Behind the scenes, the base schema has driver and plugin properties which are objects. When finalized, a property is added to each--corresponding to an extension name--and the value of this property is a reference to the $id of a property in the extension schema. For example, the server.driver property will look like this:

{
  "driver": {
    "cowabunga": {
      "$ref": "driver-cowabunga.json"
    }
  }
}

This is why we call it the "base" schema--it is mutated when extensions provide schemas. The extension schemas are kept separately, but the references are added to the schema before it's ultimately added to ajv. This works because an Ajv instance understands references from any schema it knows about to any schema it knows about.

注意

This makes it impossible to provide a complete static schema for Appium and the installed extensions (as of Nov 5 2021). A static .json schema is generated from the base (via a Gulp task), but it does not contain any extension schemas. The static schema also has uses beyond Appium; e.g., IDEs can provide contextual error-checking of config files this way. Let's solve this?

Just like how we look up the reference ID of a particular argument in the base schema, validation of arguments from extensions happens the exact same way. If the cowabunga driver has the schema ID driver-cowabunga.json, then the fizz property can be referenced from any schema registered with ajv via driver-cowabunga.json#/properties/fizz. "Base" schema arguments begin with appium.json#properties/ instead.

Development Environment Support

During the flow of development, a couple extra tasks have been automated to maintain the base schema:

  • As a post-transpilation step, a lib/appium-config.schema.json gets generated from
  • lib/schema/appium-config-schema.js (in addition to its CJS counterpart generated by Babel).
  • This file is under version control. It ends up being copied to
  • build/lib/appium-config.schema.json in this step. A pre-commit hook (see
  • scripts/generate-schema-declarations.js in the root monorepo) generates
  • a types/appium-config-schema.d.ts from the above JSON file. The types in types/types.d.ts
  • depend upon this file. This file is under version control.

Custom Keyword Reference

Keywords are defined in lib/schema/keywords.js.

  • appiumCliAliases: allows a schema to express aliases (e.g., a CLI argument can be --verbose or -v). This is an array of strings. Strings shorter than three (3) characters will begin with a single dash (-) instead of a double-dash (--). Note that any argument provided by an extension will begin with a double-dash, because these are required to have the --<extension-type>-<extension-name>- prefix.
  • appiumCliDest: allows a schema to specify a custom property name in the post-argprase arguments objects.

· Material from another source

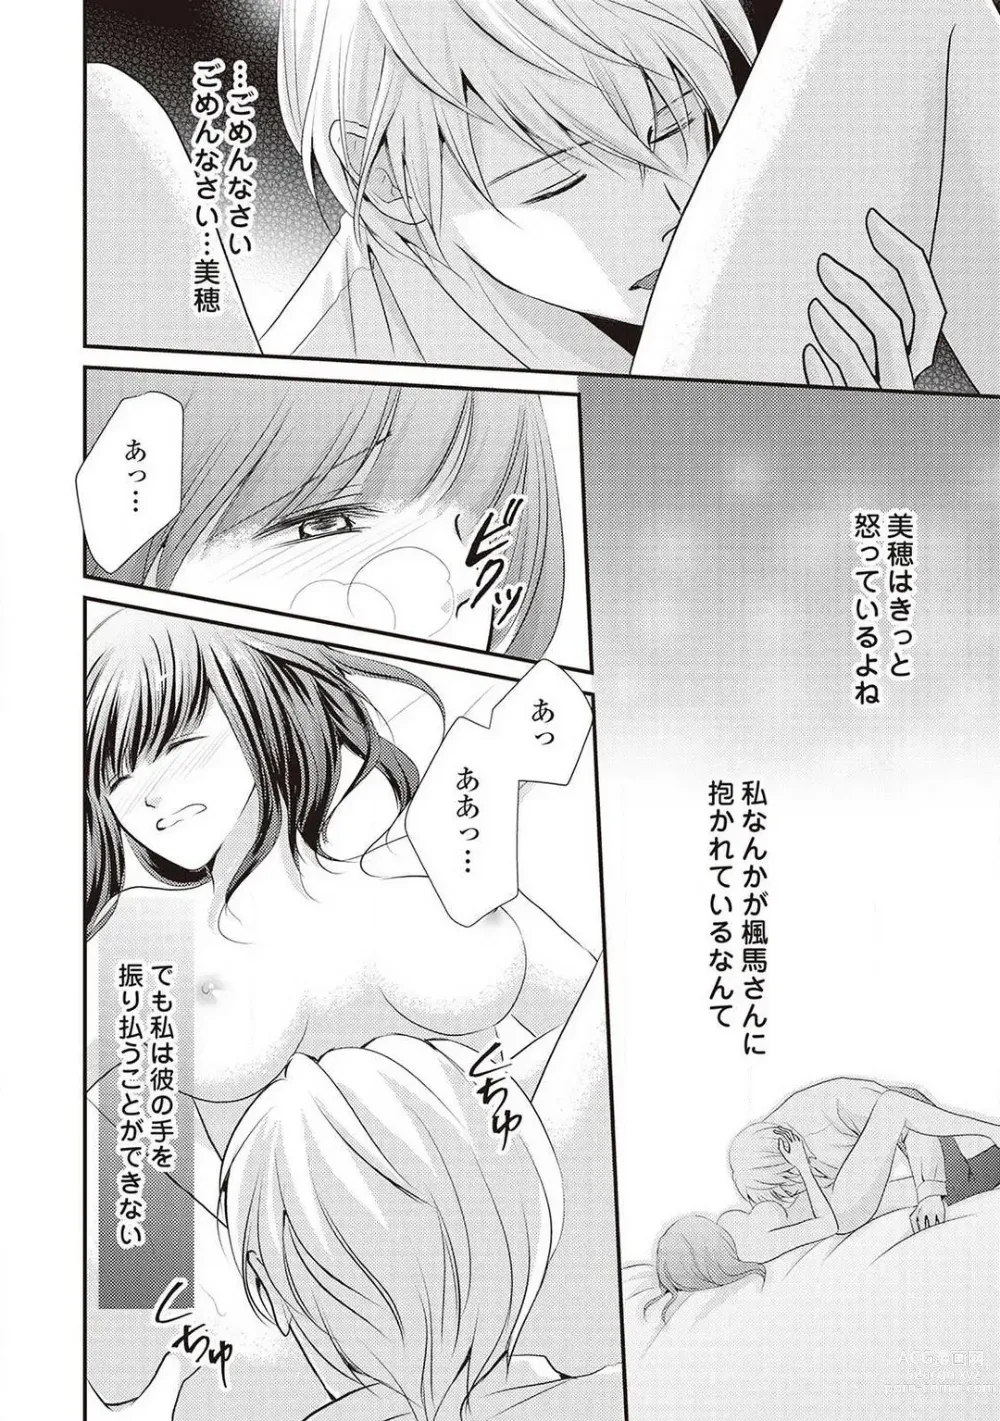 Page 13 of manga Migawari no Konyakusha wa Koi ni Naku.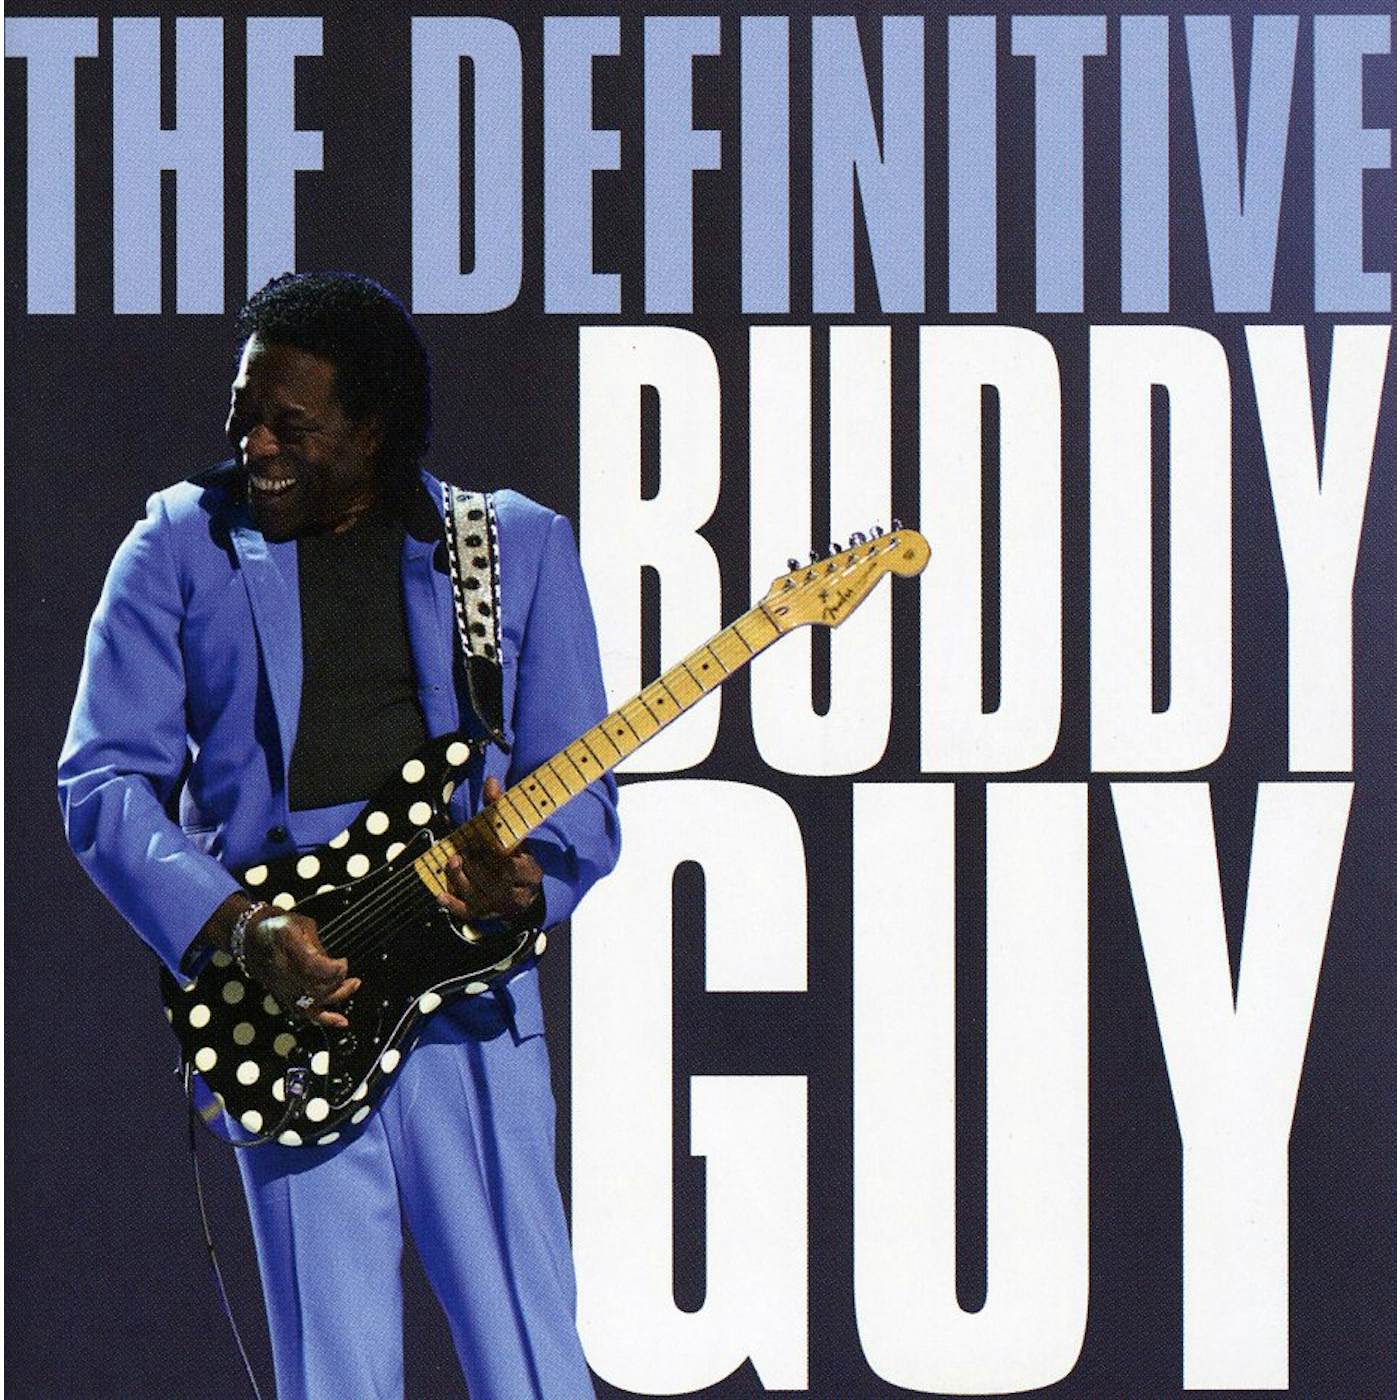 DEFINITIVE BUDDY GUY CD

If not set, this becomes a camelCased string.
  • appiumCliDescription: allows a schema to override the description of the argument when displayed on the command-line. This is useful paired with appiumCliTransformer (or array/object-typed properties), since there's a substantial difference between what a CLI-using user can provide vs. what a config-file-using user can provide.
  • appiumCliTransformer: currently a choice between csv and json. These are custom functions which post-process a value. They are not used when loading & validating config files, but the idea should be that they result in the same object you'd get if you used whatever the config file wanted (e.g., an array of strings). csv is for comma-delimited strings and CSV files; json is for raw JSON strings and .json files.
  • appiumCliIgnore: If true, do not support this property on the CLI.
  • appiumDeprecated: If true, the property is considered "deprecated", and will be displayed as such to the user (e.g., in the --help output). Note the JSON Schema draft-2019-09 introduces a new keyword deprecated which we should use instead if upgrading to this metaschema. When doing so, appiumDeprecated should itself be marked as deprecated.